Les résultats publiés le 11 juillet dernier révèlent en effet que les personnes ayant un taux élevé de vitamine D dans le sang, seraient davantage prémunies face à une éventuelle contraction de la maladie de Parkinson.

A contrario, les individus présentant un déficit chronique en vitamine D seraient menacés par une destruction de neurones dopaminergiques dans le cerveau.
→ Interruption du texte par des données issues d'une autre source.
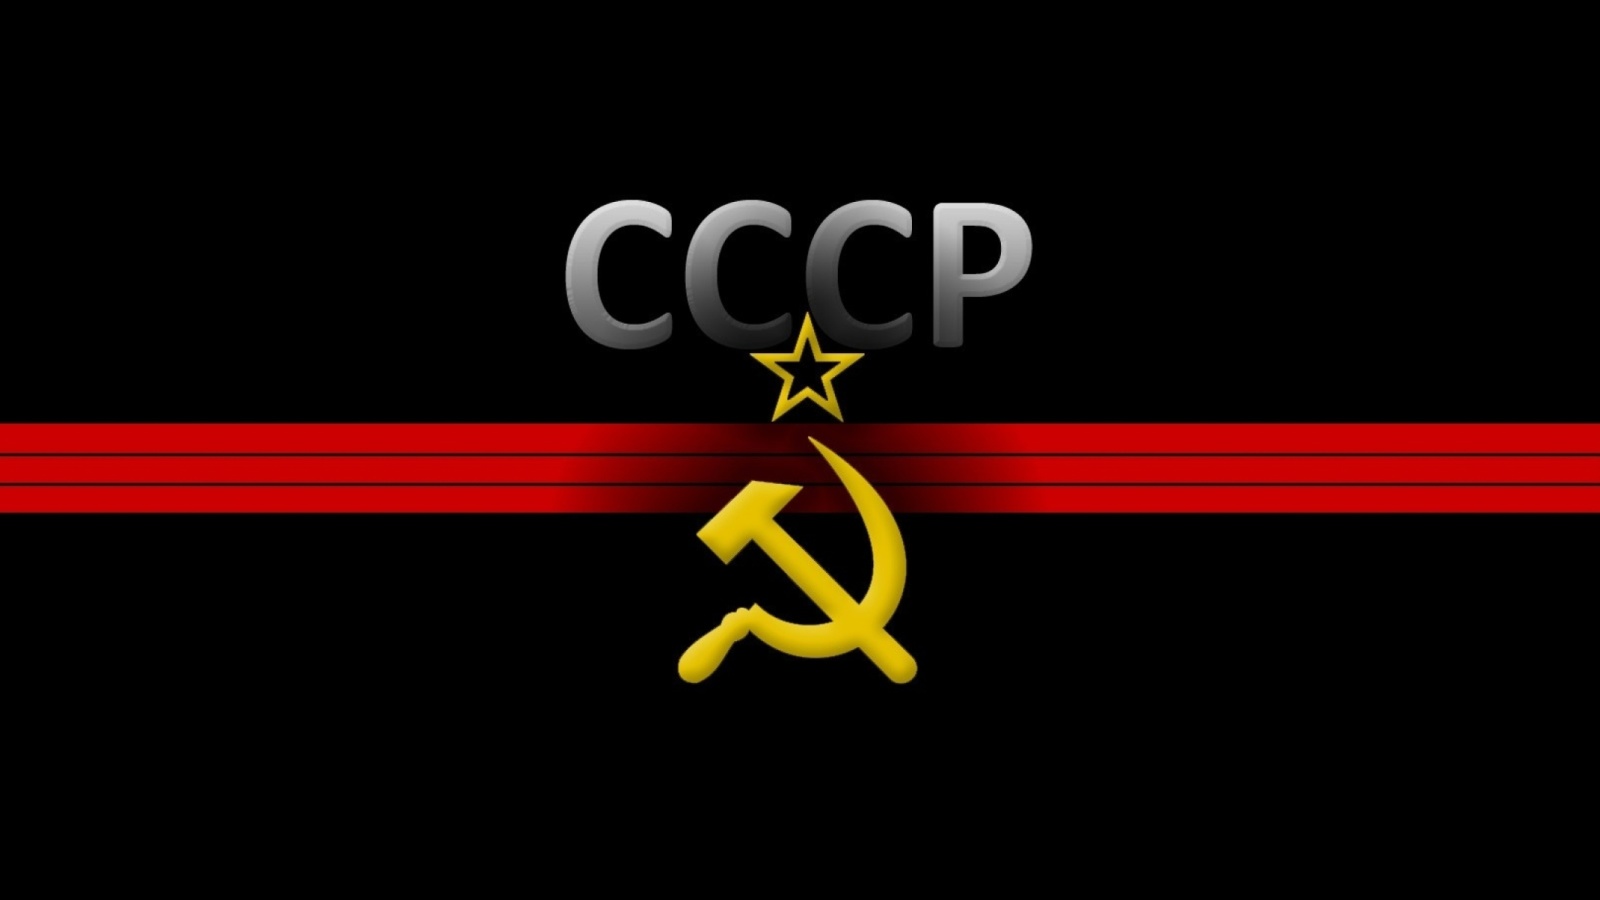 USSR and Communism Symbol screenshot #1 1600x900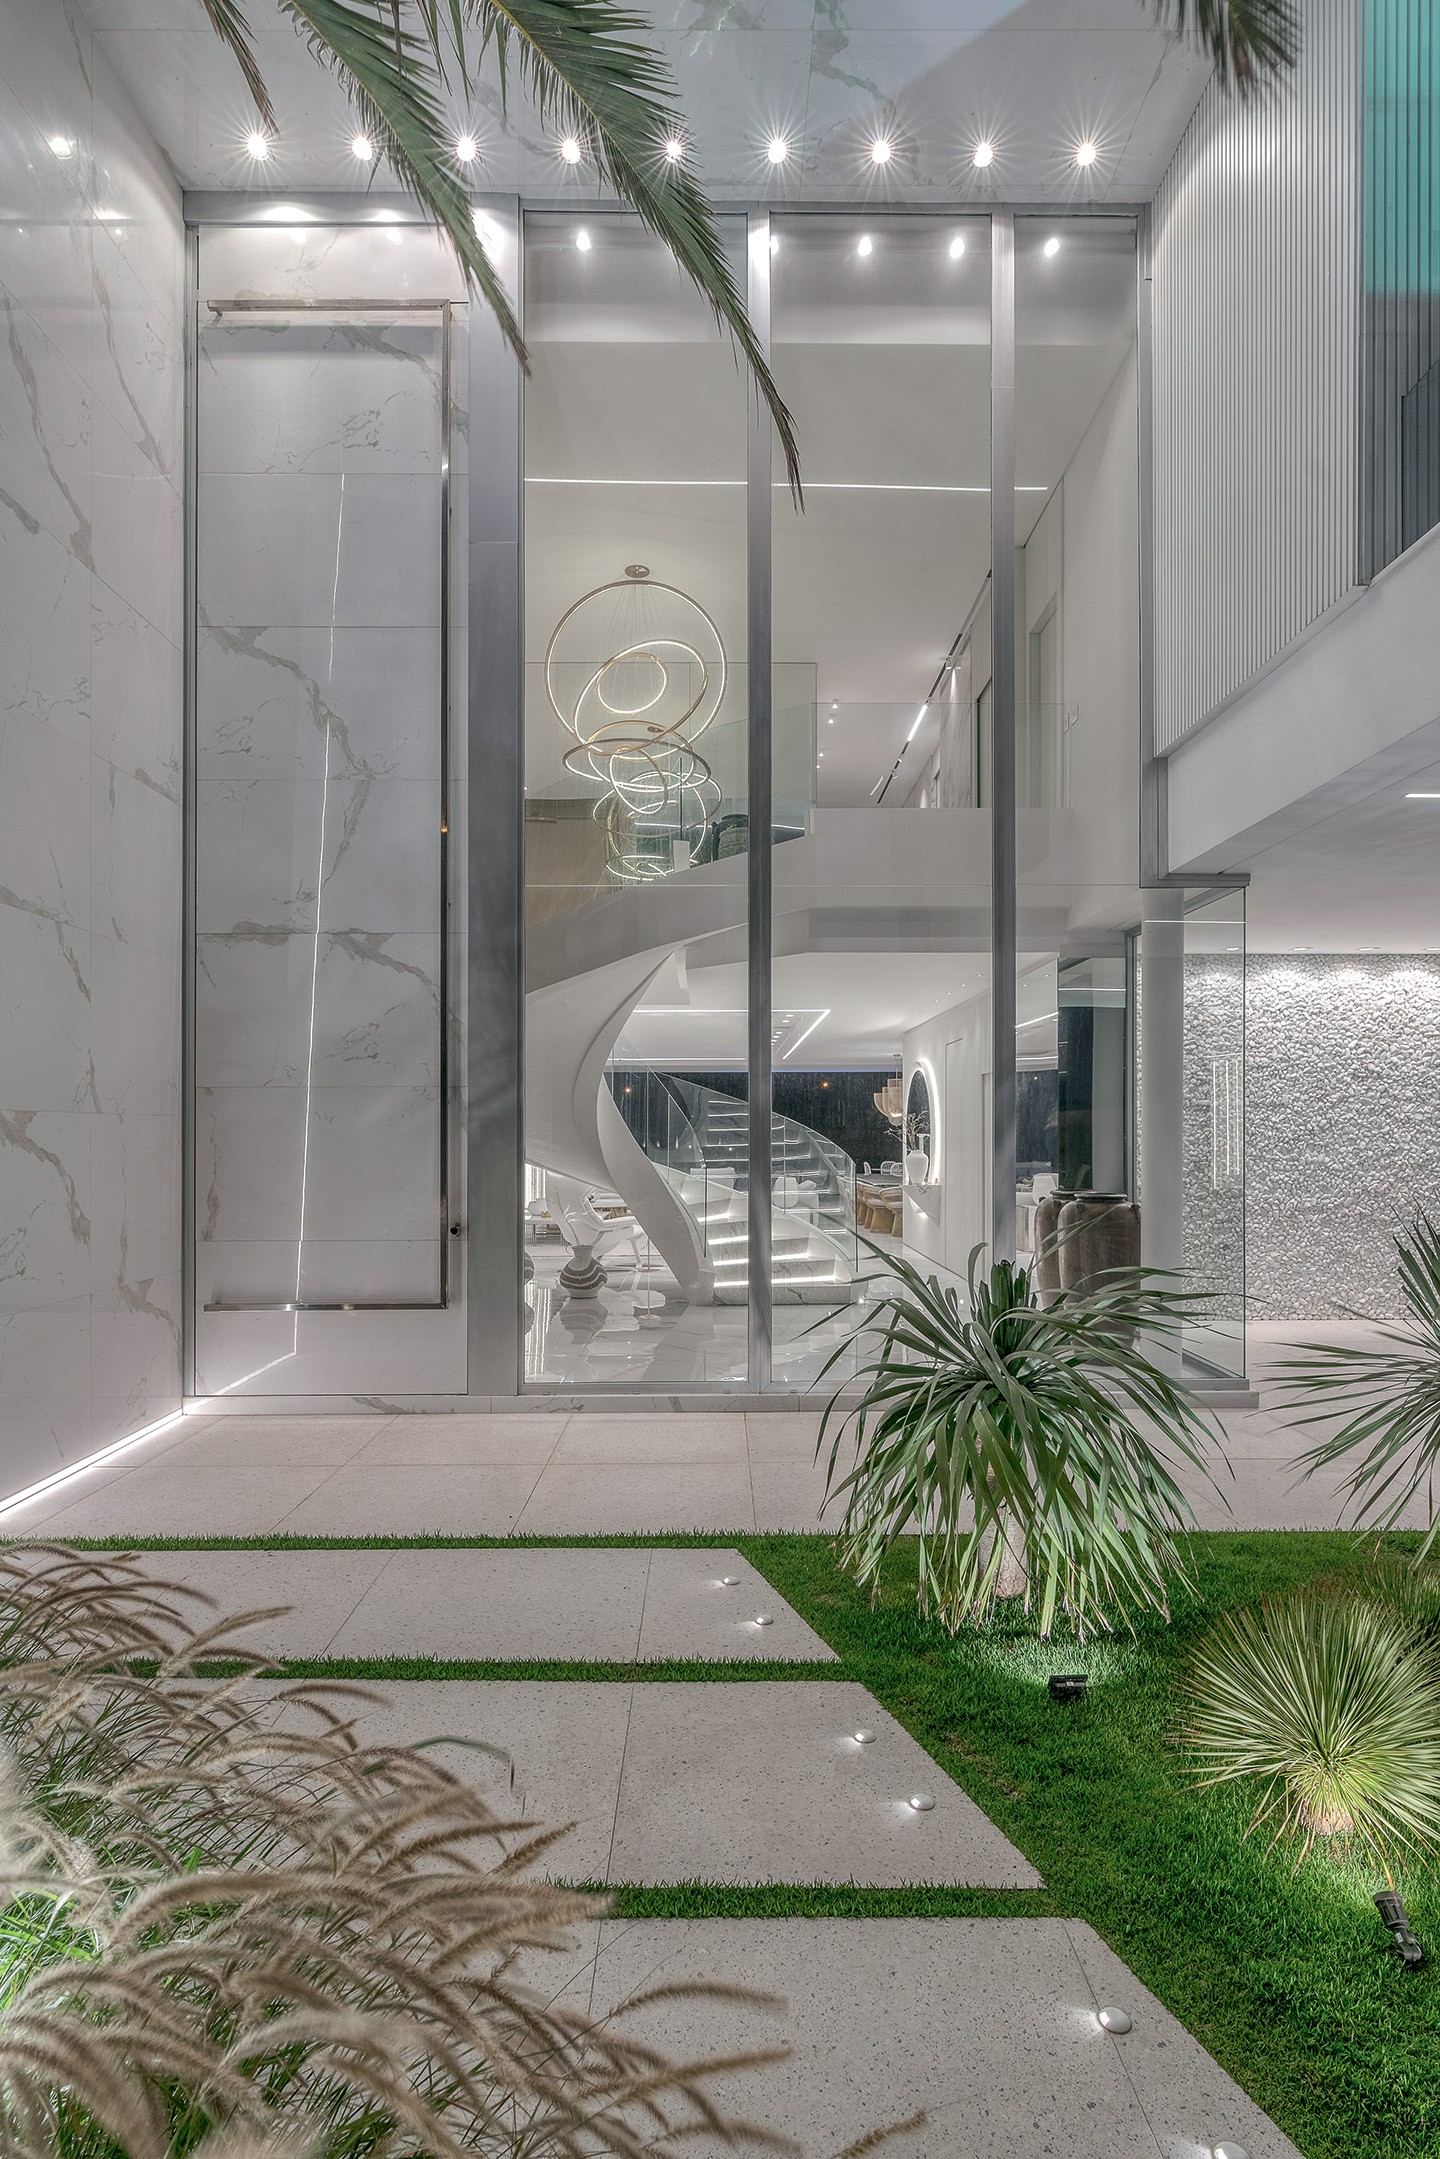 Casa de 500 m² com decoração monocromática e fachada moderna (Foto: Vinicius Ferzeli/divulgação)

Ce qui aurait donc pour conséquence néfaste l'apparition de Parkinson.

Un pourcentage de malades multiplié par trois

Sur les 3 173 patients (hommes et femmes confondus) suivis régulièrement depuis 1978 - via des dosages sanguins, des questionnaires de santé et des examens médicaux - il a été observé des disparités plus que parlantes.

Ainsi, il y avait trois fois plus de sujets atteints progressivement de la maladie de Parkinson (tous les patients étaient au départ en bonne santé) parmi ceux ayant un taux sanguin de vitamine D jugé faible, que chez les patients dotés d'un taux considéré comme normal.

D'autres pathologies seraient curables grâce à la vitamine D

Sachant que les pays de l'hémisphère nord sont défaillants en terme d'exposition solaire (recommandée pour maintenir un bon taux de vitamine D), les conclusions de l'étude finnoise pourraient bien inciter les médecins à augmenter les habituelles doses prescrites.

D'autant plus qu'une autre étude, britannique cette fois, a démontré le lien de corrélation entre le taux de vitamine D dans le sang et la perte des capacités cognitives chez les personnes âgées de plus de 65 ans. En clair : plus le manque de vitamine D est important, plus les performances cérébrales déclinent.

Alzheimer, la première maladie neuro-dégénérative (devant Parkinson), pourrait donc, elle aussi, être prévenue grâce à la vitamine D.